I never write about politics here. If you work in sales, you need to understand that your politics are going to offend 50% of the people with whom you share them (mine offend a number greater than 50%). It isn’t helpful to winning friends and influencing people, and it isn’t what you are paid to do.
That said, I am long the United States of America, and I am short pessimism and negativity. Even if there were to be a double dip recession, I’d still wager on an American comeback. It’s our national DNA. It’s who we are. It’s what we do.
The business of America is business. We need to remember that we are still exceptional, we are still a beacon for hope and liberty in a dark world, and that we are still a shiny city on a hill.
My agenda? Simple. Restore optimism and confidence. I think I can sell it! And I’ll line up a killer cabinet to help me do so.
My Cabinet
Chief of Staff – Lisa Petrilli: To do well as President of the United States, you need a strong Chief of Staff. They take care of all kinds of things, but most importantly they decide who gets the President’s time. Lisa is diminutive in stature, with a great, big disarming smile. But her spine is made of steel, and she will smile warmly, and tell those who would waste my time, “No, you cannot see the President.” And they would not see the President.
Vice President – Steve Woodruff: My friend from New Jersey’s job will be to wake up every morning and make sure I didn’t die during the night. My political enemies will never dream of harming me knowing that Steve would take over as President. They don’t need that kind of action. Plus, he’s my strong arm in case of a tie in the Senate. He’s a true gentleman, and as relentless as a rainstorm.
David Brock – Special Advisor to the President: Sometimes you need someone you trust to tell you that you are full of it. You need someone who will speak truth to power and tell you that the biggest problem you are facing is you. Dave is the guy I trust to tell me where my own blind spots are (and I never have to ask more than once!).
Secretary of Defense – Mark Safranski: Let’s face it, we’ve got our hands full right now. Mark is a student of history, of military history, and 4th Generation Warfare. He has a keen intellect, a strategic mind, and he can unravel this knot.
Secretary of State – Lou Imbriano: Lou ran marketing for the Patriots. Now he runs his own firm, Trinity 1, and he has a book coming out this October called Winning the Customer. Lou is a masterful entertainer, and I believe that he can get a peace accord out the Israelis and the Palestinians on the field at halftime during a Patriot’s game. He knows how to make a deal.

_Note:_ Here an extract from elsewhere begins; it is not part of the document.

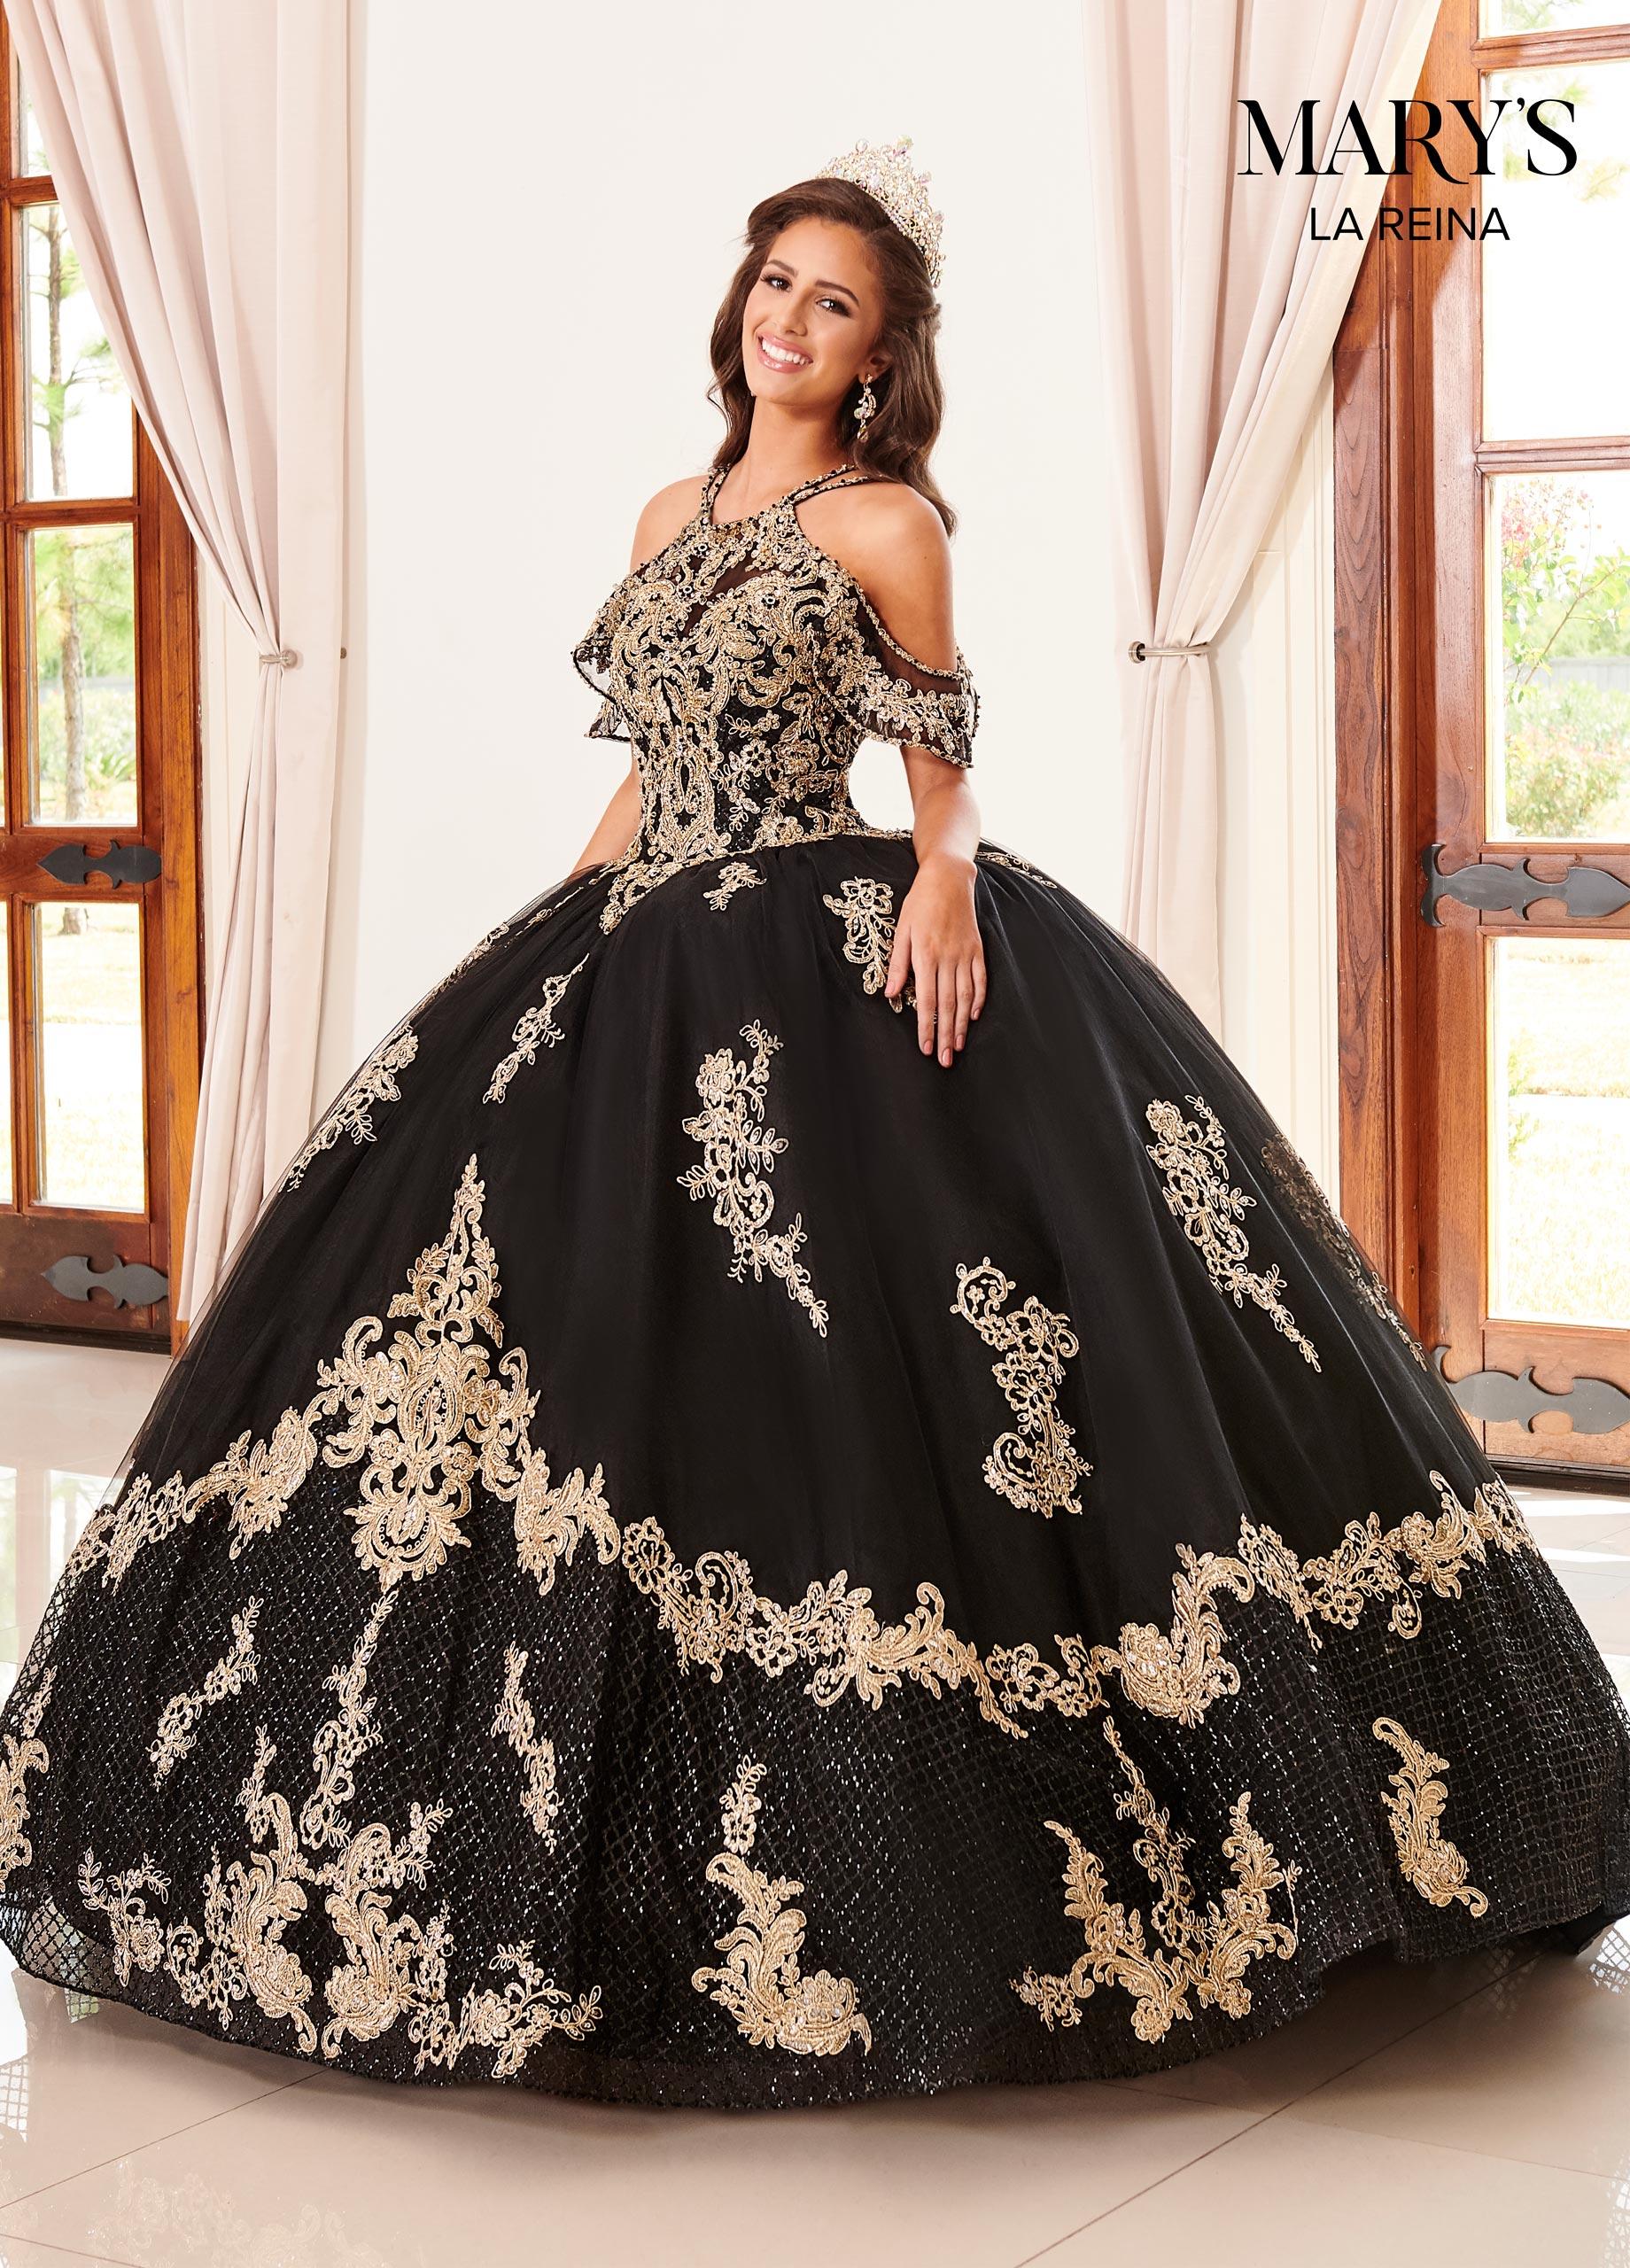 Lareina Quinceanera Dresses Style Mq2099 In Black Gold

Secretary of Health and Human Services – Molly Cantrell-Kraig: Molly runs the Women With Drive Foundation. She literally helps women in need get transportation so they can gain their independence. I am the son of a single Mom, and I get it. But no one gets it more than Molly; she walks her talk.
Secretary of Education – Angela Maiers: Everyone knows our educational system is a giant mess. Angela is a relentless, passionate agent for change. She believes children need to learn the habits and attitudes required to succeed in the 21st Century (habitudes), and I will arm her with the absolute authority to get this done.
Press Secretary – Judy Martin: You want the truth? You can’t handle the truth. Judy is the real deal. She is an Emmy-award winning broadcaster now, and she wishes she were Secretary of Labor (she loves work-life balance . . . I don’t). She will protect me from the press, and she knows every trick in the book.
Attorney General – Charlie Green: Charlie is the world’s foremost authority on trust. I need someone to pursue the nation’s legal business that understands the real ethical issues, but that balances that with a pro-business, pro-growth, optimistic outlook.
I am missing a Treasury Secretary. Who goes in that spot?
If you were leading, who would you put in your cabinet?